In my mind (it's scarey in here), having more headroom doesn't necessarily mean that your system can take a *louder* signal. In a digital system 0db is always the "loudest" anything can be. Hear me out.
In *theory* you can record 48db lower in a 24bit system and still have the same bit resolution (e.g. 8bits*6db = 48db) as a 16bit system. But of course in the real world you don't get a full 144db of dynamic range out of a 24bit converter. While you'd be maintaining bit resolution (e.g. the number of values used to represent an audio signal), you'd run into a lot of mechanical/electrical/*real life* noise. I think think that the noise floor specs I've most often seen for 24bit systems have been in the -100 to -110db range.
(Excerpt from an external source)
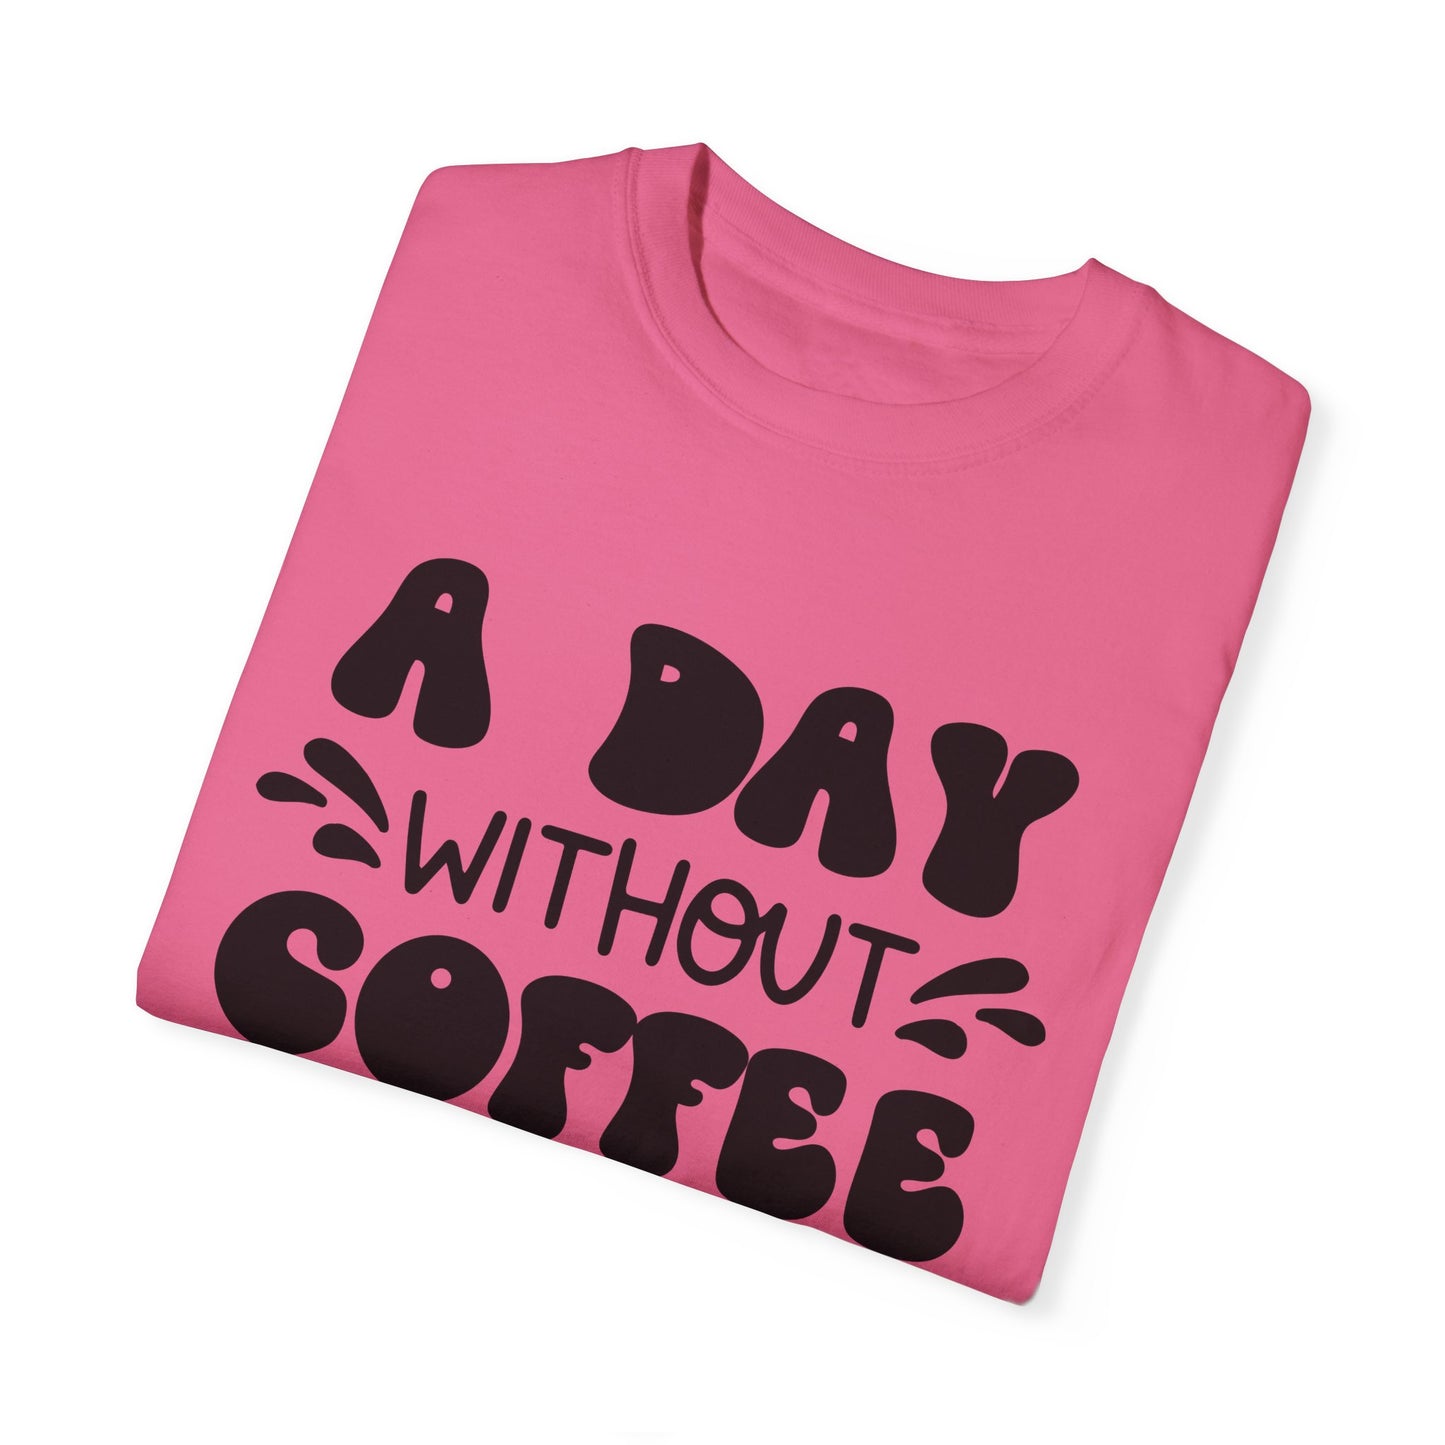 A day without coffee: Unisex Garment-Dyed T-shirt

At any rate, if you push the meters in a 16bit system you are using 65,536 discrete voltage levels to represent your audio stream, and your noise floor might be at -90db. But if you're on a 24bit system with 110db of dynamic range, which is 20db lower than the noise floor of the 16bit system, and you record such that your levels are down at around -20db, you are still sampling with a resolution of over 2 *million* discrete voltage levels, and with the same amount of real dynamic range as the 16bit sytem.
When you turn up the 24bit file from the above example by 20db (assuming the gain increase is constant), you end up with what is essentially the equivalent of the 16bit file that was tracked in the yellow. Therefore, in this example, you can record in the -20db range on the 24bit system without sacrificing fidelity, and have a whole lot of extra room for that guitar player who suddenly decides to go crazy.
Of course those are just a bunch of stupid numbers. In real life I don't know squat...but technically, it does demonstrate that you can track lower which essentially means that you have more headroom. Of course we could get into an argument over the meaning of headroom or something...but to me it's all relative.